In an initial study, autistic children showed improvement in audiovisual speech perception.
“It’s very exciting because ultimately, we do all this basic scientific work with the purpose of intervening,” Irwin says. “We have a mandate to use science to give back.”
Like most children, I learned by sounding out words: the word “tulip” was a series of separate, stumbling sounds before it became the flowers I ran to in our backyard each morning.
Pugh says this is how children typically learn: since the written word is a series of individual speech sounds, children must first distinguish those that make up “tulip” and then connect them. When awareness of speech sounds is muddled, reading problems can result. Research at Haskins suggests that disorders like dyslexia can be predicted by early problems in distinguishing individual speech sounds. Yet a recent study by Pugh showed that dyslexic individuals process certain kinds of visual-spatial information more efficiently — many dyslexic individuals excel in art, architecture, and design.
“Many children with dyslexia have gone through their whole life being told that they are not smart,” Pugh says. “The results of this study could direct them toward careers and bring out enthusiasm and self-confidence.”
As I walk with Pugh through the halls of the laboratories, past Buzz Light year posters meant to keep children occupied during brain scans, past the world’s first speech synthesizer in a glass case and a room studded with tiny cameras that capture micro-movements of the mouth, he calls the lab a “strange little utopian community.” I understand what he means.
Everything that seems to hum through Haskins, from the dance of ultrasound tongues to that bizarre “da” in McGurk experiments, refuses to exist in isolation. We don’t hear speech just with our ears – we also hear with our eyes and mouths.
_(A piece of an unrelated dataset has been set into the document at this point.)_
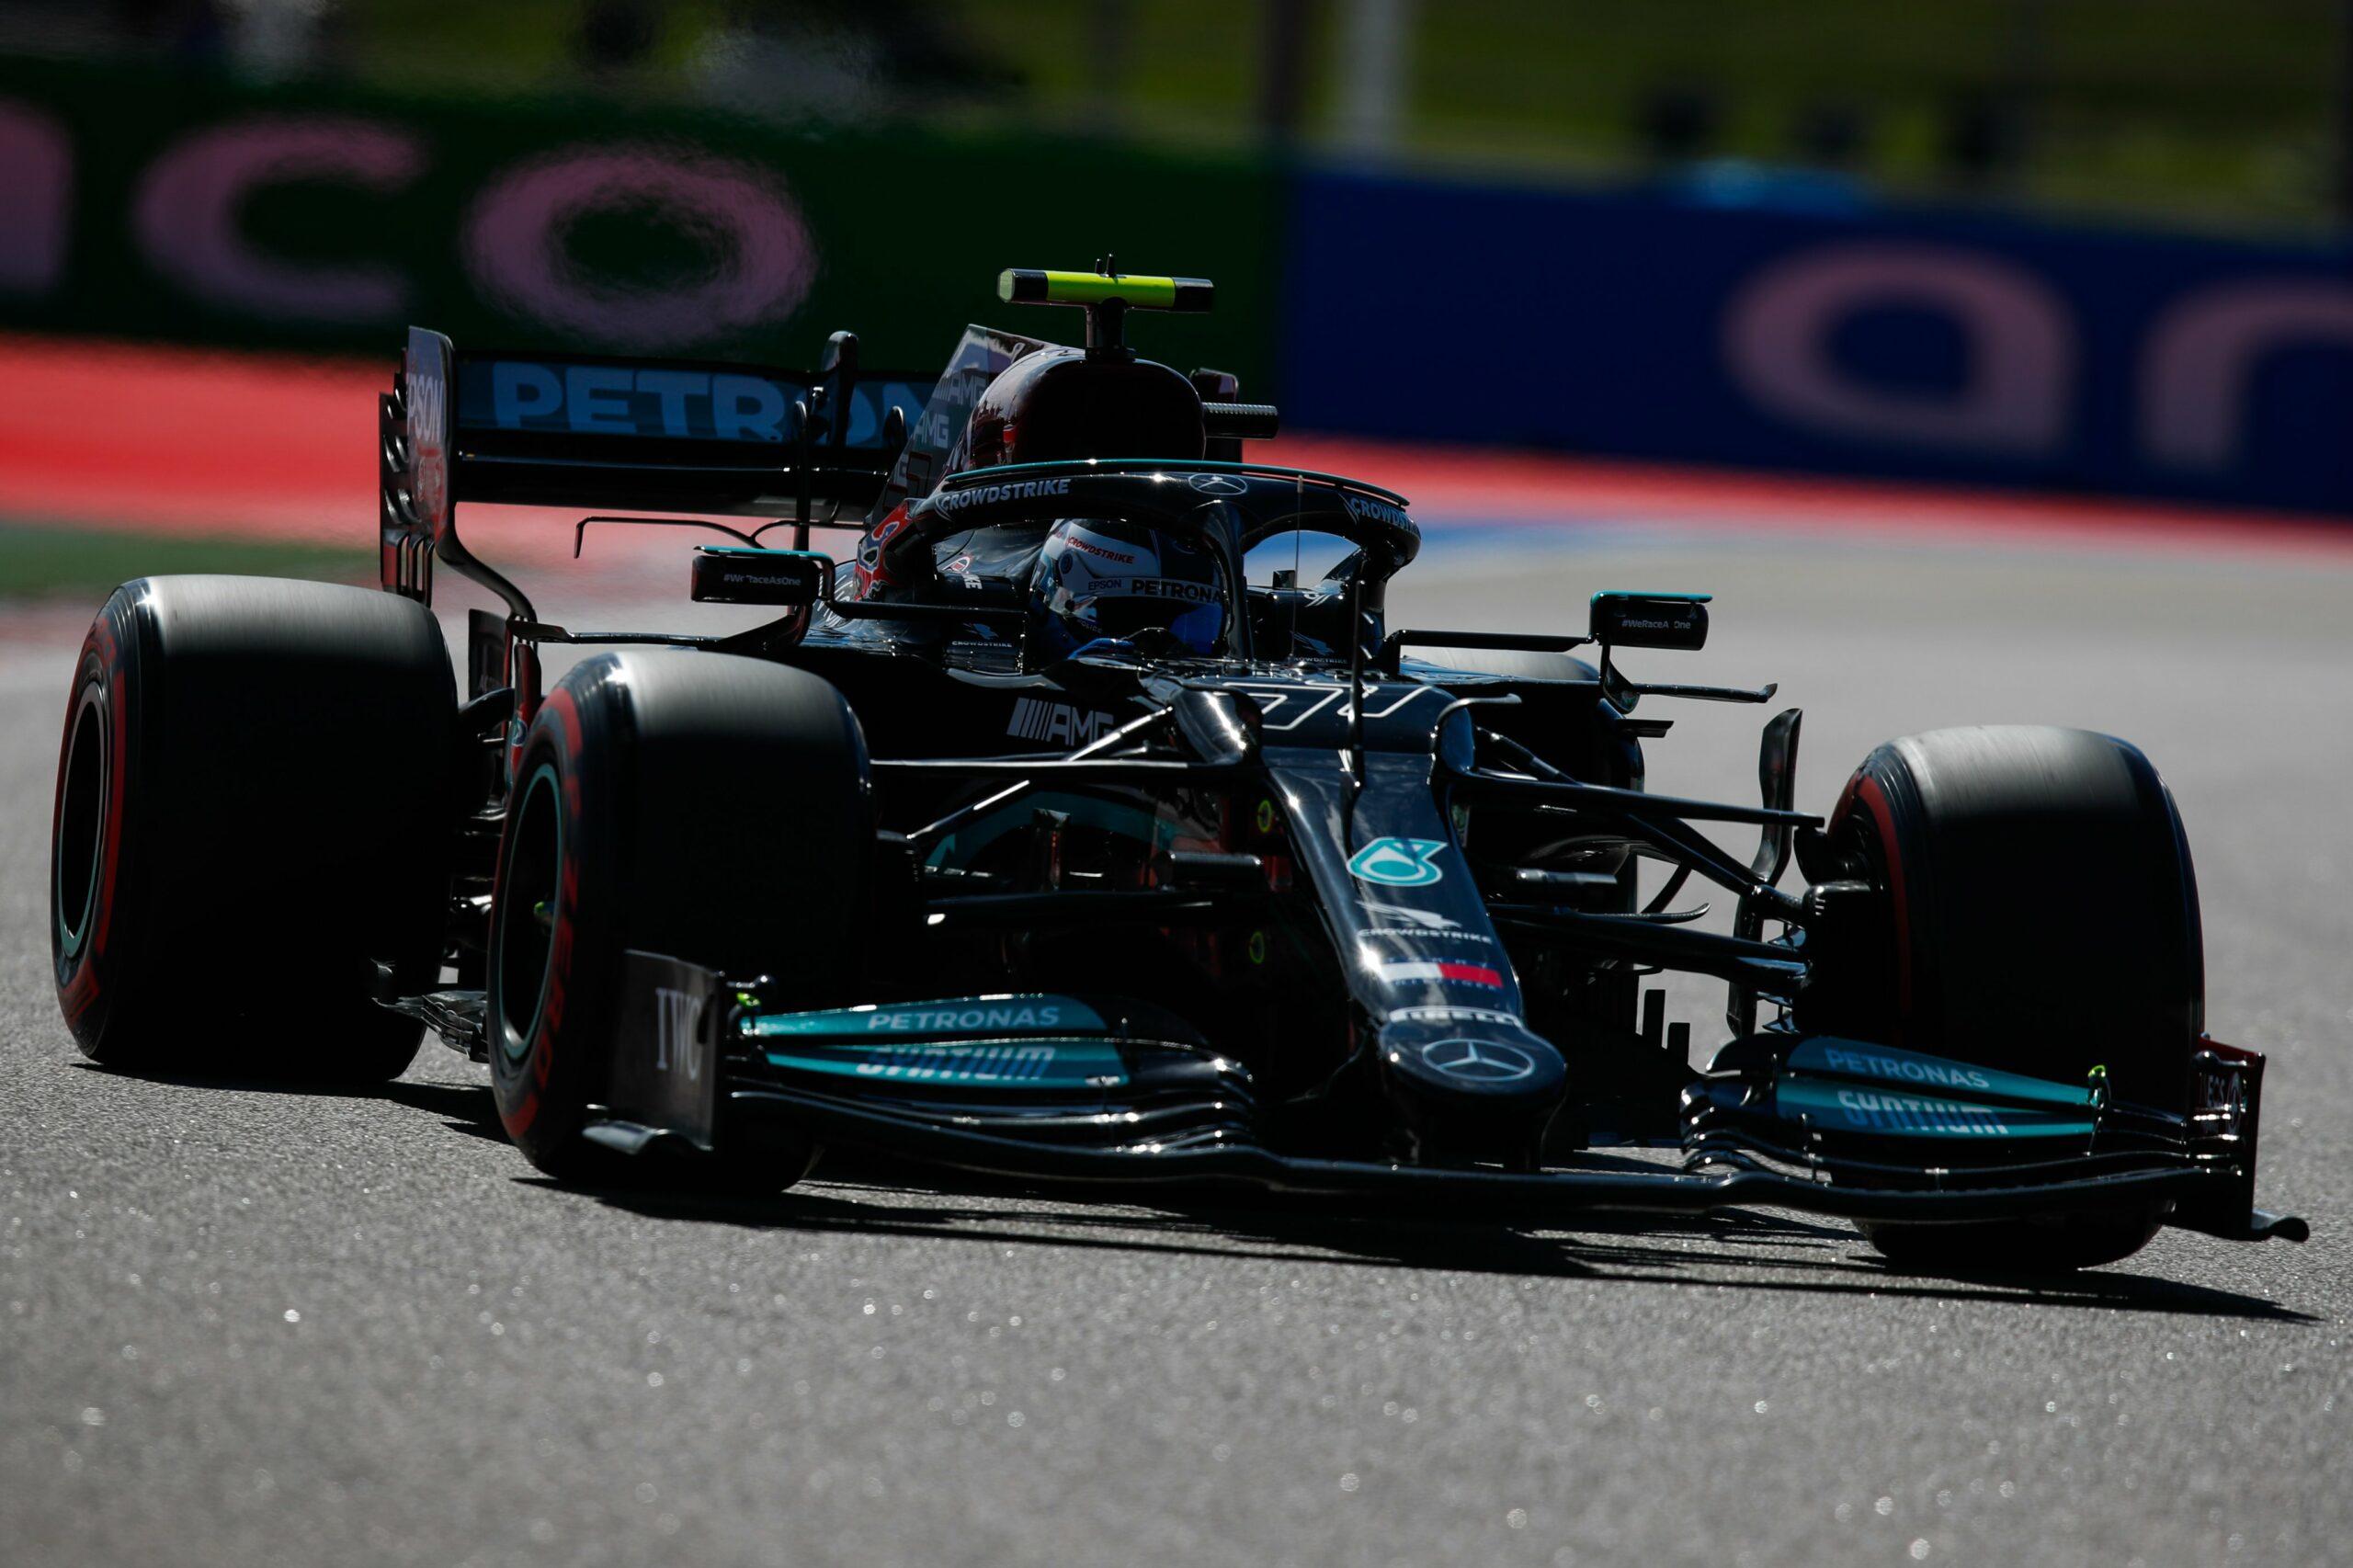 "F1 - <i class=""fab fa-creative-commons-sampling""></i> Revivez la deuxième séance d'essais libres du Grand Prix de Russie"

I thought reading was just about understanding text, but reading, too, is woven into how we talk, how we listen.
Sometimes I find this deep interdependence unnerving. Can I trust myself if what I hear a person say is changed by the way their mouth moves? If how I read may be tinged with how I learned to say “s” at age nine, sitting with Kathy at the kitchen table, reading about the slippery snake?
And yet at other moments, it seems somehow complete. When I finally step out of the muffled room of cones, my voice sounds deep and startling and very close.